We have news for them. The power of talk radio and the Internet stretches worldwide and the world now understands what they are up too, and they are not going to be successful in their efforts to bring about world government. The collapse of the dollar is but one aspect in the change planned in the shift in world power.

The US budget deficit is a manifestation of the decline of America, its Executive, House and Senate 95% controlled by interests from behind the scenes. The agenda is not for the American people, the constituents, who put these people in power, but for the moneyed few who totally control them via campaign contributions, lobbying and other various nefarious means. We presently are being offered up a budget cut in a $1.7 billion budget deficit. What can the people behind the scenes be thinking of unless they want the government debt structure to implode? Virtually no change in out of control spending. The deficit is accelerating not decelerating. It is obvious that these intelligent elitists and politicians know exactly what they are doing and that is destroying the financial system and the American economy. By the end of the year and perhaps sooner the deficit will be more than 100% of GDP, a role reserved for Banana Republics and there is no end in sight. No reality check, no control, no attempt to stop the deficit hemorrhage. War spending rages out of control, as we engage in another war. This is deliberate and very probable for the military and industrial complex, which could care less what the budget deficit climbs too. The nation is being ripped apart internally and there is no respite in sight. The government, municipalities, states, banking, Wall Street, the US Chamber of Commerce and transnationals all advocate more aid and spending, as the public demands more handouts. Nobody seems to understand that things cannot go on this way; austerity is going to be thrust upon us and there is going to be economic chaos.
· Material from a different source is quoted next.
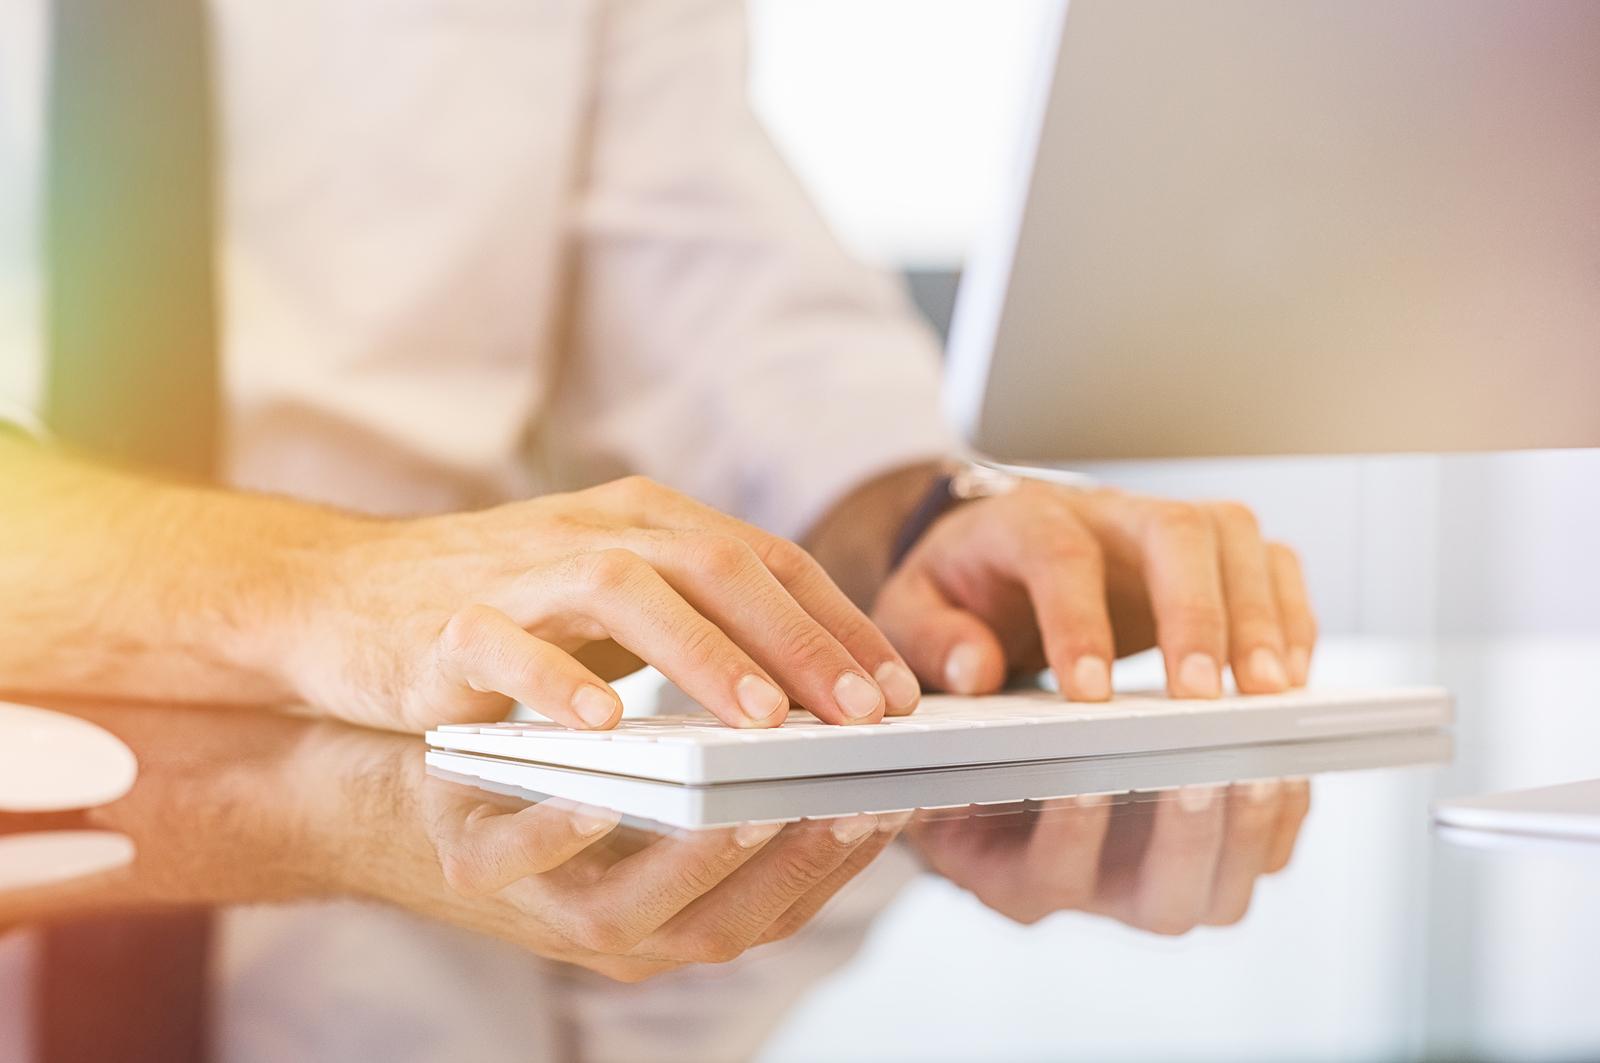 Cita previa a través de Internet: cómo pedirla
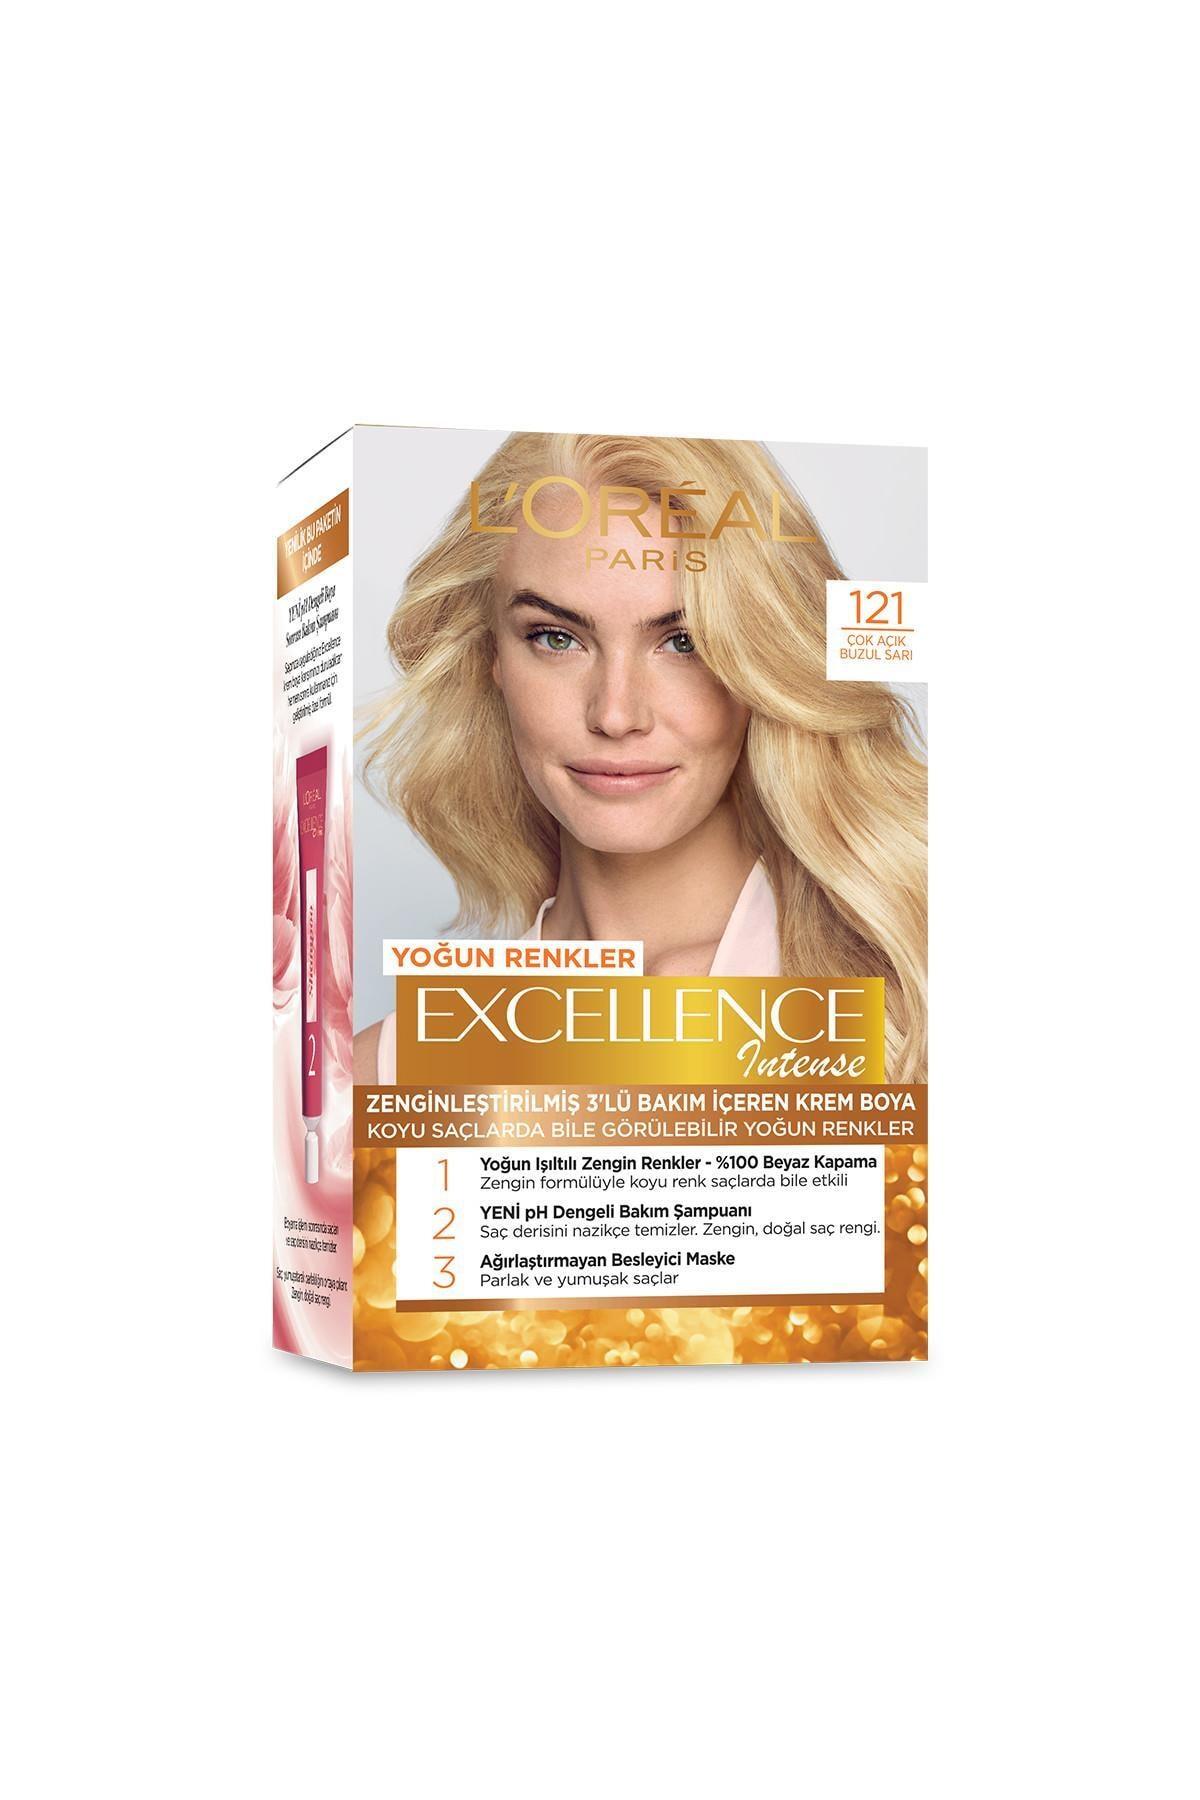 L'Oreal Paris Saç Boyası - Excellence Intense 121 Çok Açık Buzul Sarı 3600523165858 1

In the meantime nothing the Fed and the Treasury have done has done anything to solve the problems. Everything temporarily has been papered over with debt. The Executive Office for 11 years has never told the truth about fiscal debt or future fiscal debt. They tell the public what they want them to hear. Over and over again just more lies and propaganda.
The Federal Reserve group of 12 banks are about evenly split on QE3. Whether the front is just making things interesting will remain to be seen. We do know Mr. Bernanke could care less. He takes his orders from the elitists and does exactly as he is told, just like Mr. Greenspan did. He and others are in the process of destroying the US economy so that the US economy will be so bad that Americans will be forced to accept world government. That is really what this is all about. The Fed is destroying the monetary system, the President and Congress are burying the economy in debt and our transnational conglomerates along with this gang of criminals has made America uncompetitive and destroyed its industrial base. It is not any simpler than that. The dollar is not a financial or monetary refuge anymore. Its place as a world reserve currency has been destroyed and that mantel has again been assumed by gold. This is the result of deliberate insane monetary and fiscal policy that is destroying America.
The monetization in process is not just manifest in America. England, Europe, China and Japan and many others have done the same thing. The debt that has to be serviced, rolled and created is more than $5 trillion. In Europe alone the bailout of the sick 6 PIIGS will cost $4 trillion. If the solvent euro zone and European countries funded this debt they’d all end up bankrupt. Will the Fed be allowed to again bail out foreign central banks as they did three years ago? Probably not because the Fed now has to bail out the US government with more money and credit created out of thin air. The Fed, foreign central banks and other commercial banks cannot raise the trillions of dollars needed to keep the western world afloat.
We ask how can anyone accept QE3 when QE1 and QE2 have been such failures? Part of the result of such folly has been a weakening of the dollar and strengthening of gold and silver. We believe you will see QE3, because there is no way to stop. Inflation will roar this year and next and if we have QE3 and stimulus there is a good chance we’ll see hyperinflation. Close to zero interest rates and an endless supply of Treasury paper has driven away foreign buyers. Who wants to buy US 10-year T-notes yielding 3.5%, when inflation is 8% and climbing, especially when the dollar is moving lower? Two and a half years ago 66% of foreign central bank assets were in US dollar investments. Before that it was 70% and today it is 61.3%.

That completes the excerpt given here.